→ **Given material**:
-------------------------

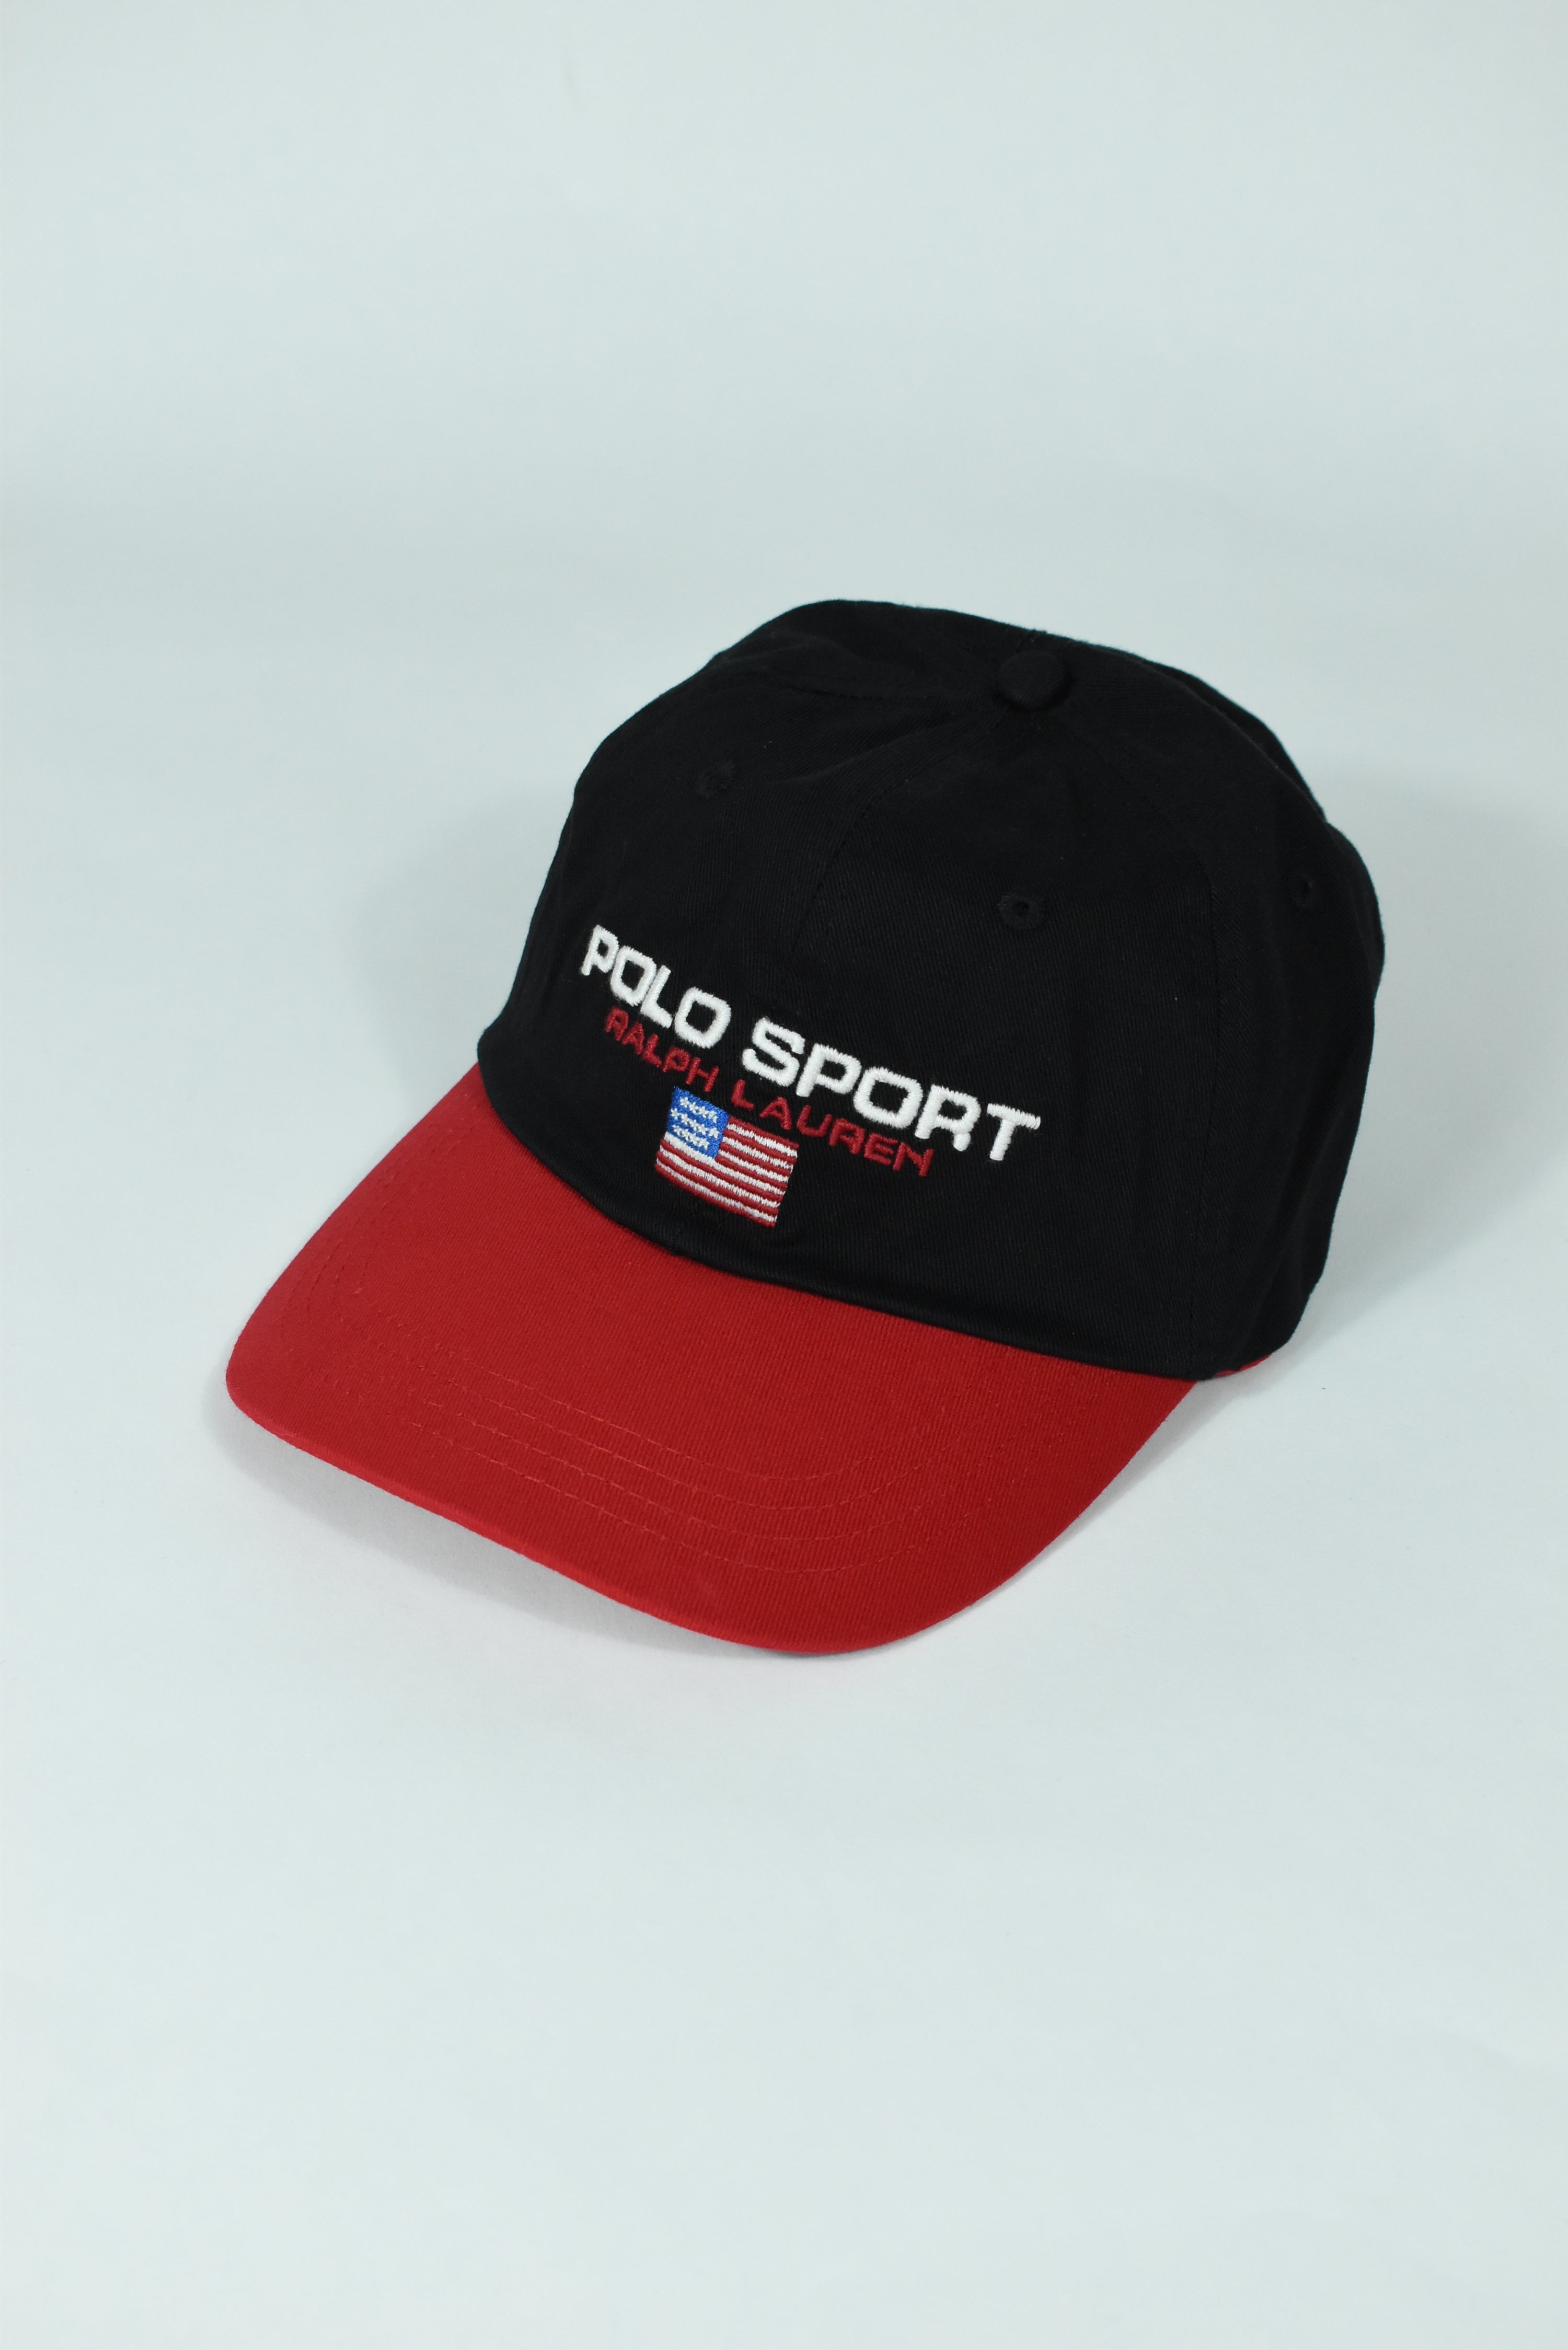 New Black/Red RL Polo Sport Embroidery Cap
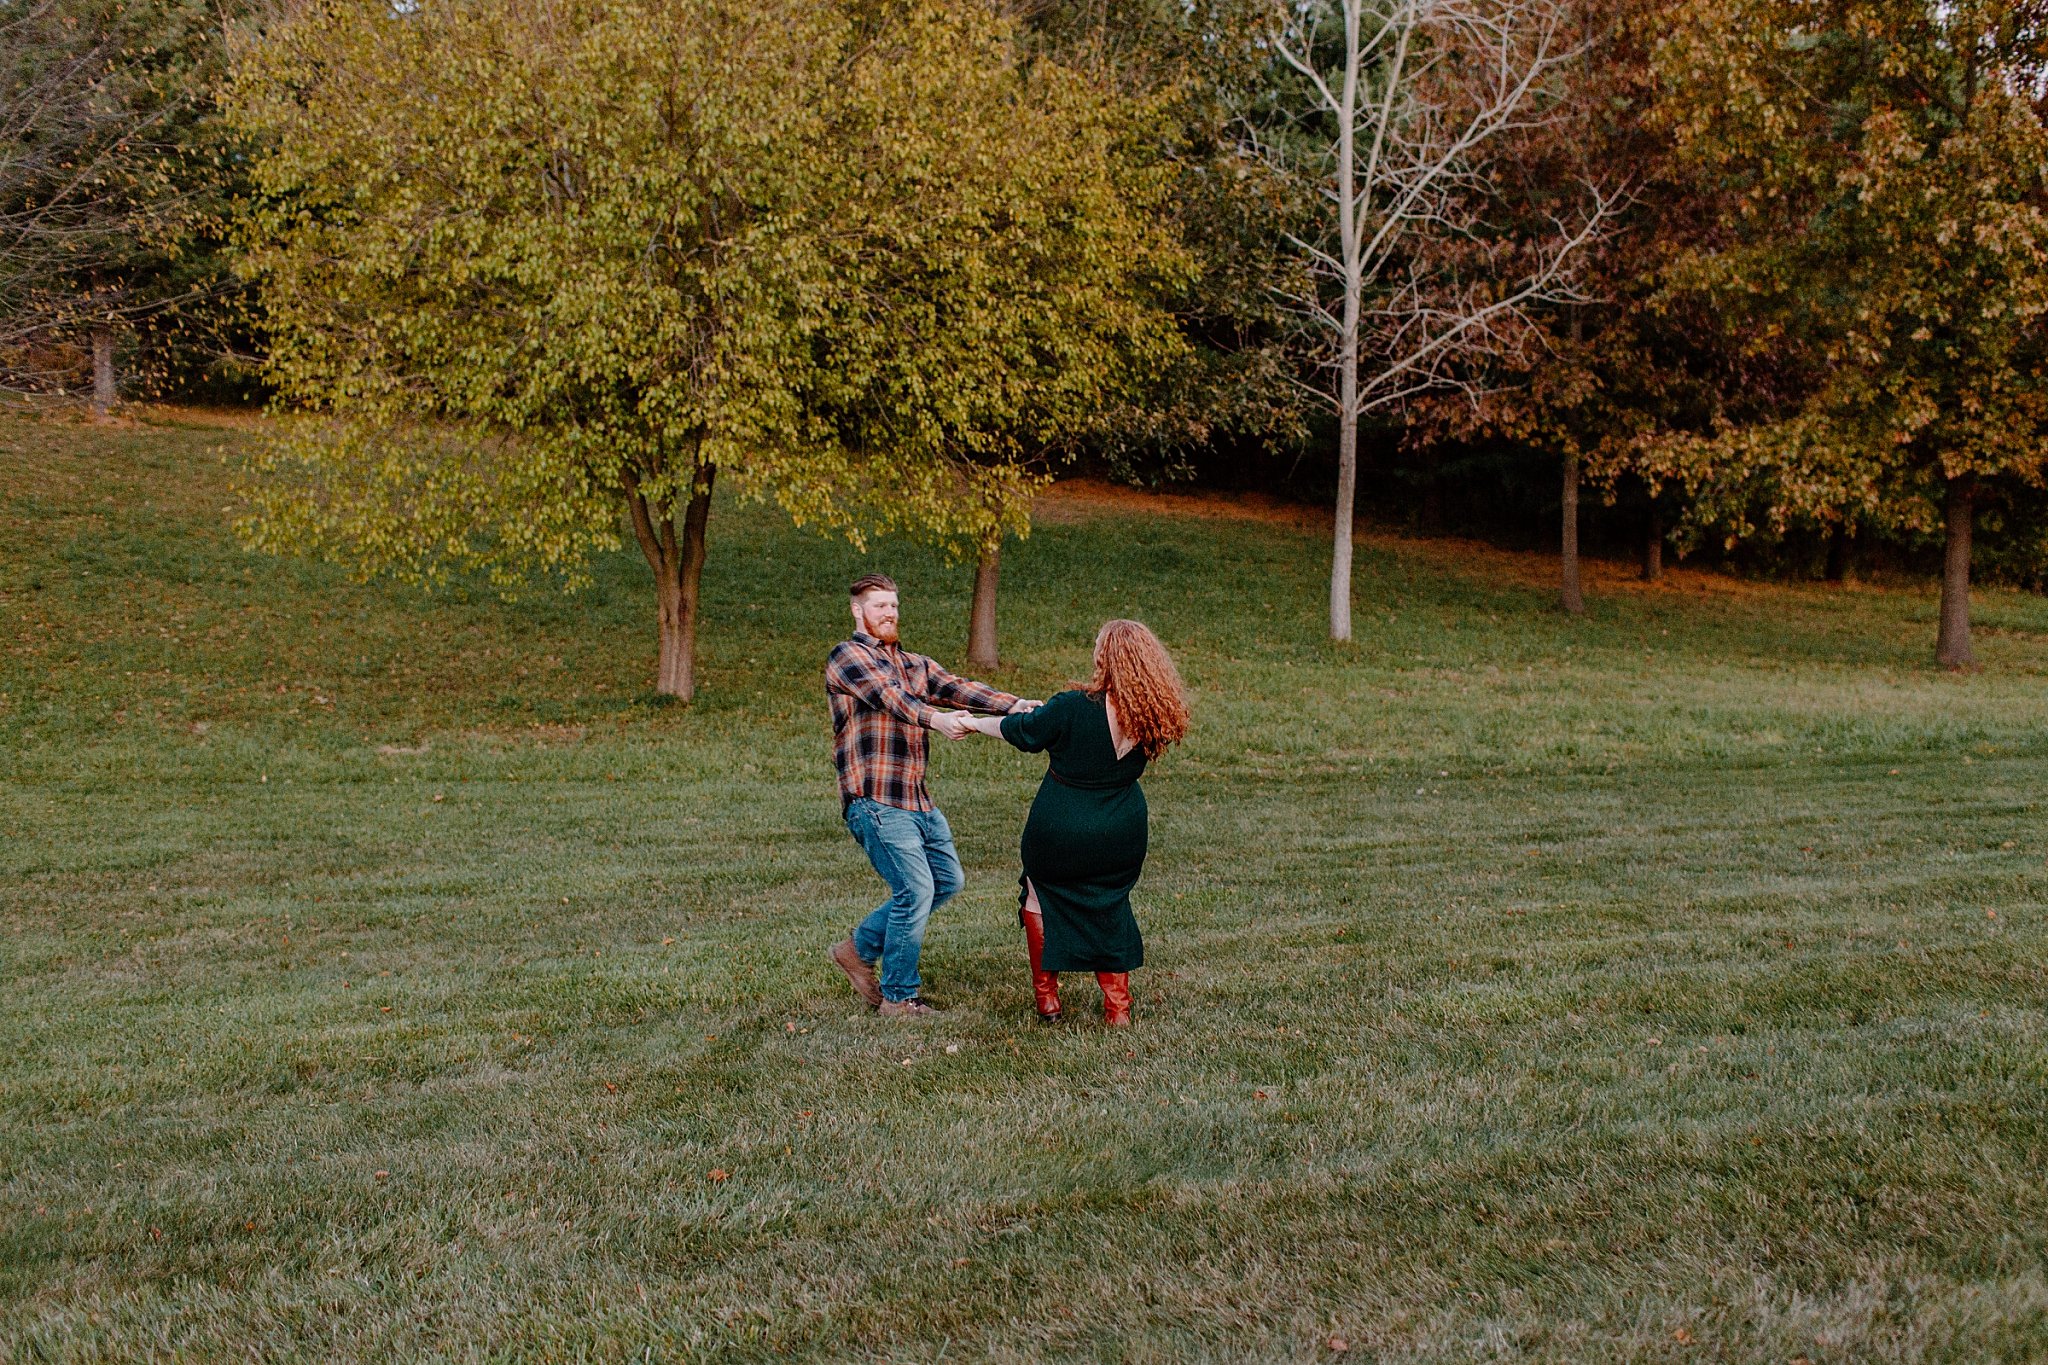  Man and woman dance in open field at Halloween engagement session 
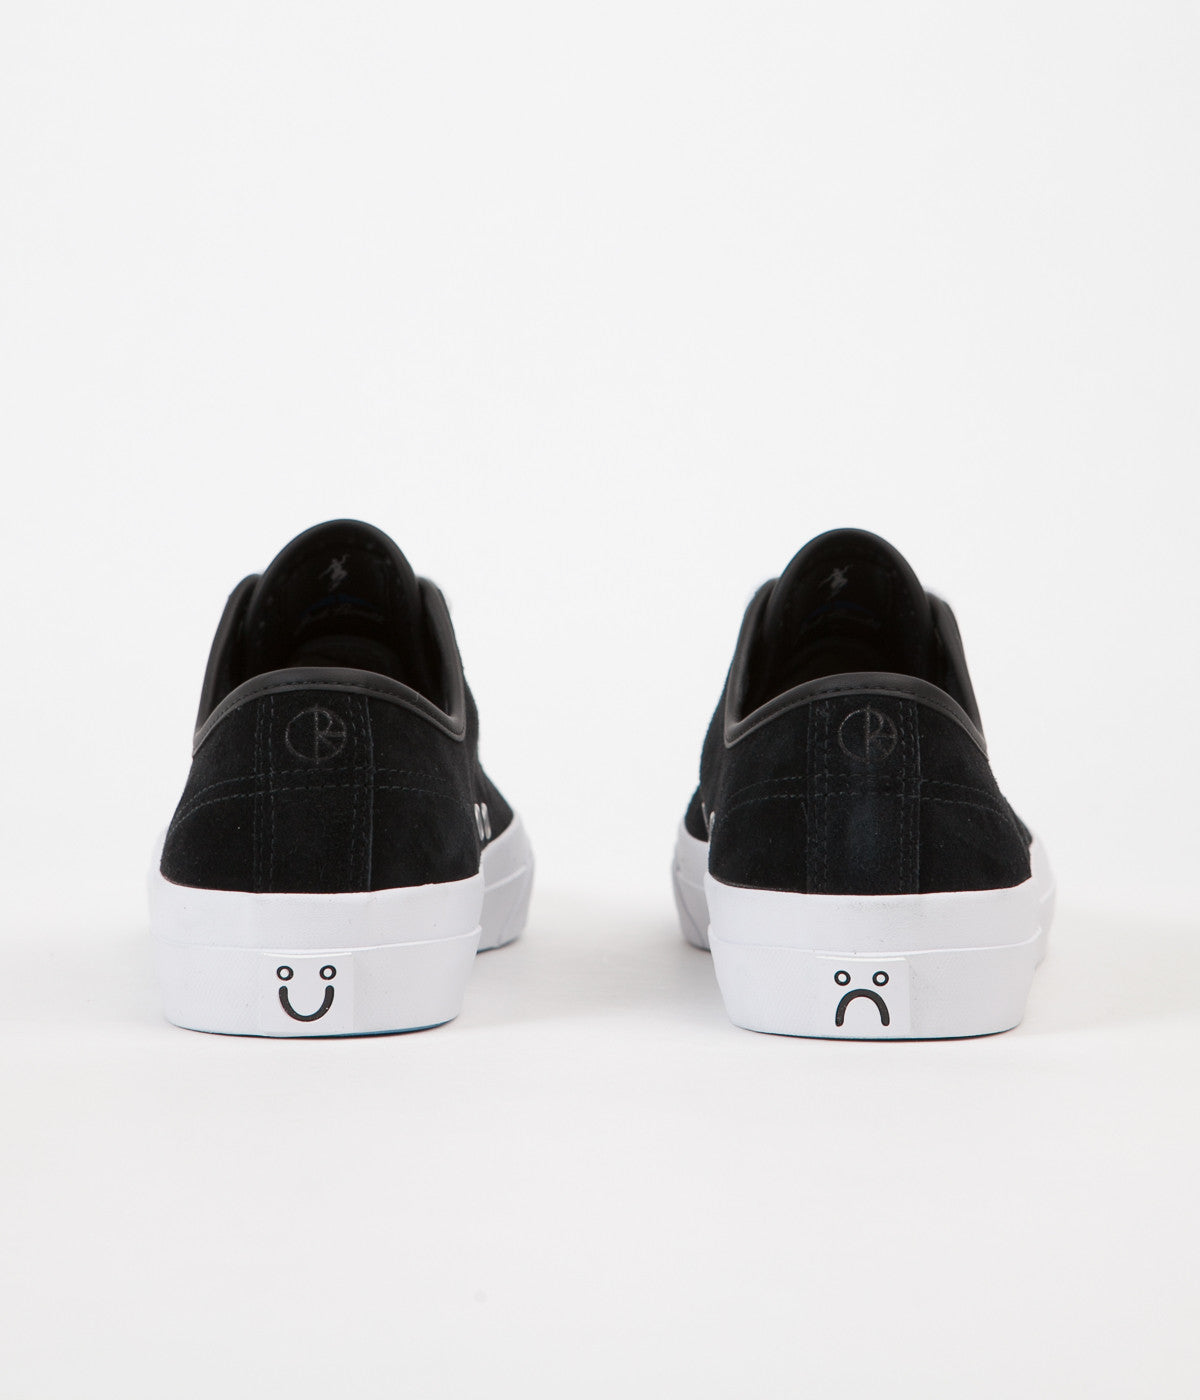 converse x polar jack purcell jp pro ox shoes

-------------------------

→ **Task directions**:
For this task, give the full listing again verbatim and keep out every picture.

→ **Task output**:
 New Black/Red RL Polo Sport Embroidery Cap
  Man and woman dance in open field at Halloween engagement session 
 converse x polar jack purcell jp pro ox shoes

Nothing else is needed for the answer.